Er kam, sah und sprang allen davon. Simon Ehammer, Zehnkämpfer, 20 Jahre alt. Der Appenzeller macht diesen Sommer mit Wahnsinnsleistungen auf sich aufmerksam: Im Weitsprung knackte er 2020 bereits dreimal die 8-Meter-Marke. Mit 8,15 m ist er schon jetzt die Nummer 2 in der ewigen Schweizer Bestenliste. Dabei ist der Weitsprung nur sein Nebengeschäft. Eigentlich ist Ehammers Disziplin der Zehnkampf – wo er ebenfalls Grosses schaffte: Im Juli gelangen ihm in Amriswil 8029 Punkte, in seinem erst zweiten Wettkampf bei den Aktiven.
Das sind Sphären, von denen Schweizer Mehrkämpfer zuletzt nur träumen konnten. Zum letzten Mal waren die magischen 8000 Punkte vor 17 Jahren geknackt worden. Die grossen Zeiten von Beat Gähwiler und Stephan Niklaus in den 80er-Jahren sind eine gefühlte Ewigkeit her. Zehnkämpfer? Interessieren in der Öffentlichkeit hierzulande kaum jemanden.
Leichtathletik neues Leben einhauchen
Das soll mit Ehammer wieder anders werden. Der Appenzeller will der Königsdisziplin der Leichtathletik neues Leben einhauchen. «Ich will den Mehrkampf wieder gross machen in der Schweiz», sagt er zu BLICK. Der Mann vom TV Teufen strahlt ein Selbstvertrauen aus, das vor ein paar Jahren manch einem hierzulande Angst gemacht hätte. Mittlerweile scheint er ausgezeichnet in die Generation der neuen Schweizer Leichtathleten zu passen, die früh schon grosse Ziele formulierten. Und sie dann vor allem auch erreichten.
Die grossen Pläne kommen nicht von ungefähr. Bei den U20 wurde er Europameister und WM-Dritter im Zehnkampf. Nun mischt er den Laden bei den Aktiven auf. Das Erstaunlichste: Er fängt gerade erst an. Was für andere der Karrierehöhepunkt war, schafft er in seiner ersten Aktivensaison.
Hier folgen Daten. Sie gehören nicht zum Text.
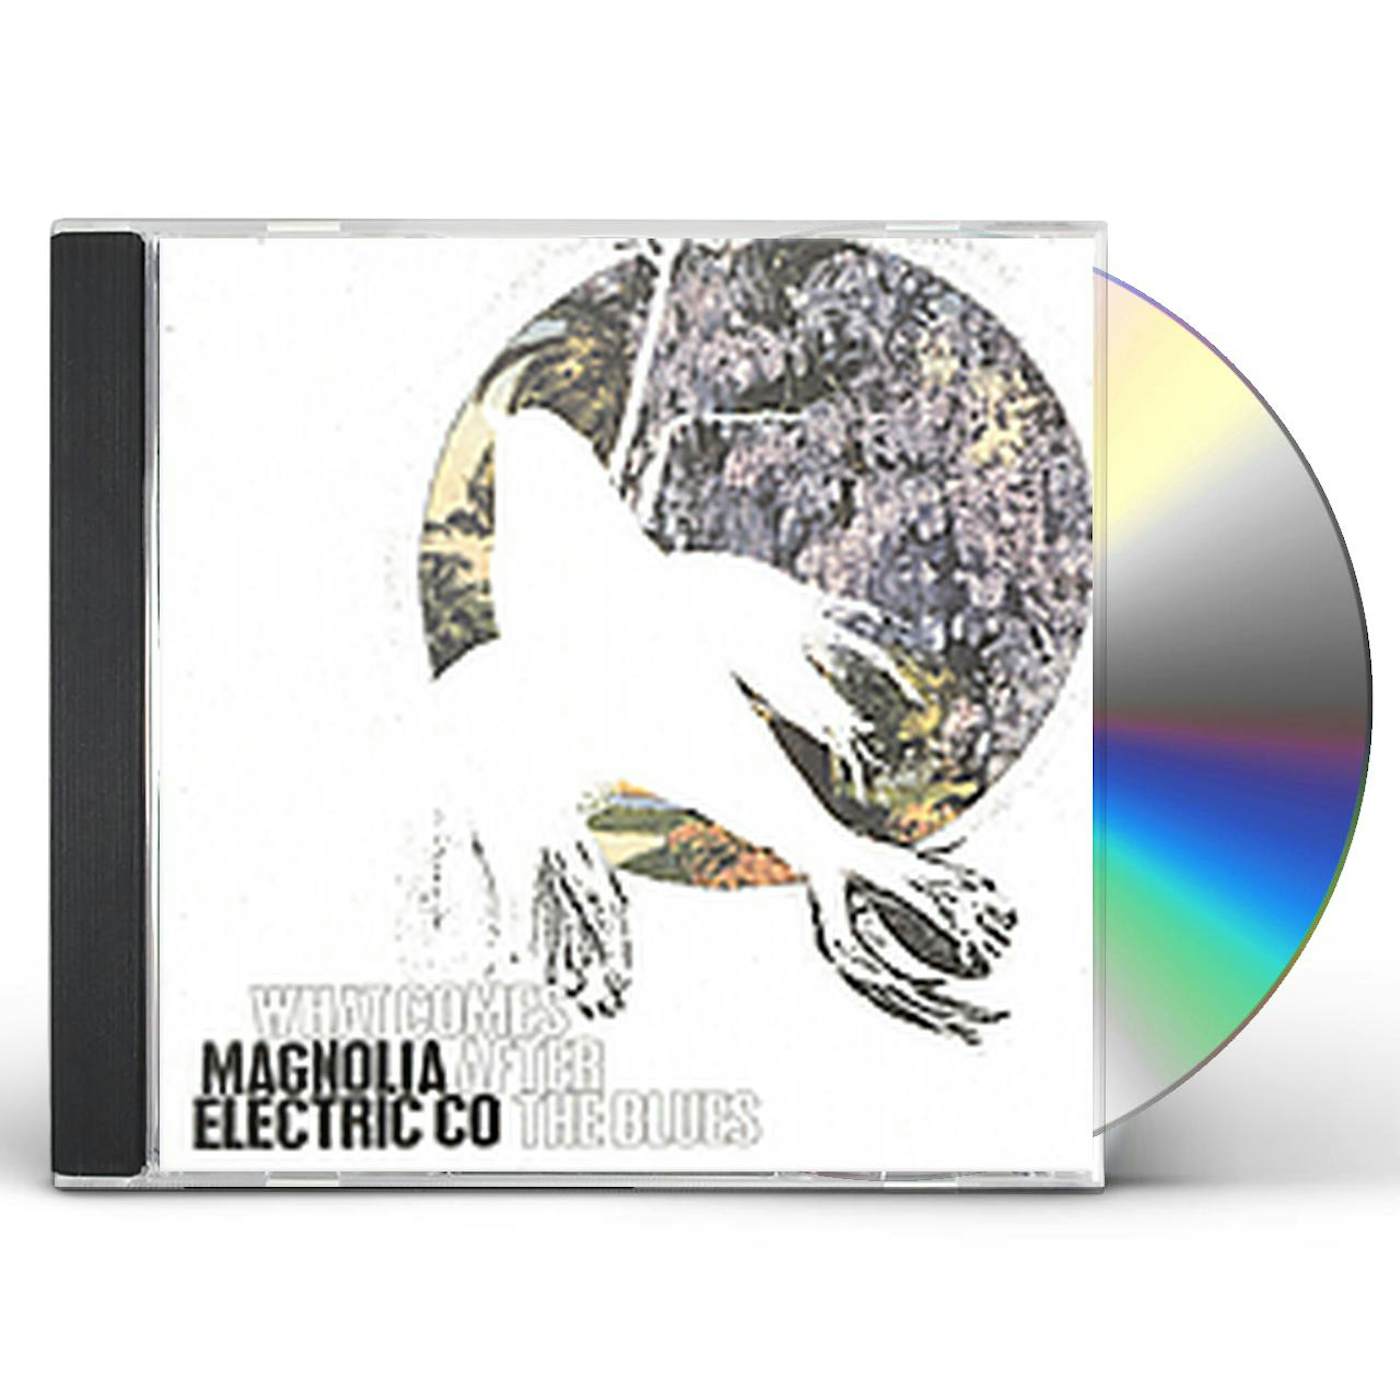 Magnolia Electric Co. WHAT COMES AFTER THE BLUES CD

Die Ziele sind dementsprechend gross. «Ich will im Zehnkampf und im Weitsprung den Schweizer Rekord.» Und zwar bald. «Das sind die Ziele für diese und nächste Saison», sagt er – und man merkt, dass er sich etwas bremsen muss. «Dieses Jahr wäre es fast schon ein bisschen kitschig.» Denn eigentlich weiss Ehammer, derzeit noch mit einem 60-80-Prozent-Pensum in einem Sportgeschäft angestellt: «Es ist surreal, dass ich in diesem Alter schon diese Leistung bringen kann.»
Der angenehme Nebeneffekt: Schafft er die beiden Rekorde (Weitsprung: 8,27 m, Zehnkampf: 8244, inoffiziell 8334), hat er auch das doppelte Olympia-Ticket so gut wie sicher in der Tasche. «Olympia 2020 wäre für mich zu früh gekommen. Aber 2021 ist bei meiner aktuellen Entwicklung realistisch – obwohl meine Trainer und ich eigentlich für 2024 planen.»
Wurfdisziplinen haben noch Verbesserungspotenzial
Die Handbremse anziehen wird er ohnehin nicht. Vor den Mehrkampf-Schweizer-Meisterschaften am Wochenende sagt Ehammer, der als Titelverteidiger antritt: «Der erste Wettkampf der Saison ist nie der beste. Ich erwarte von mir eine Steigerung.» Heisst: Die 8029 Punkte vom Saisonstart sollen übertroffen werden.
Es wäre die nächste Bestätigung seines riesigen Potenzials. Das soll künftig weiter ausgeschöpft werden, indem er in den Wurfdisziplinen besser wird. Dort gibts noch deutliche Defizite. «Wir haben zunächst bewusst den Fokus auf die Schnellkraft gesetzt», so Ehammer. Das zahlt sich im Weitsprung und über die Hürden bereits aus. Nun wird an den Würfen gefeilt – damit irgendwann der ganz grosse Wurf gelingt.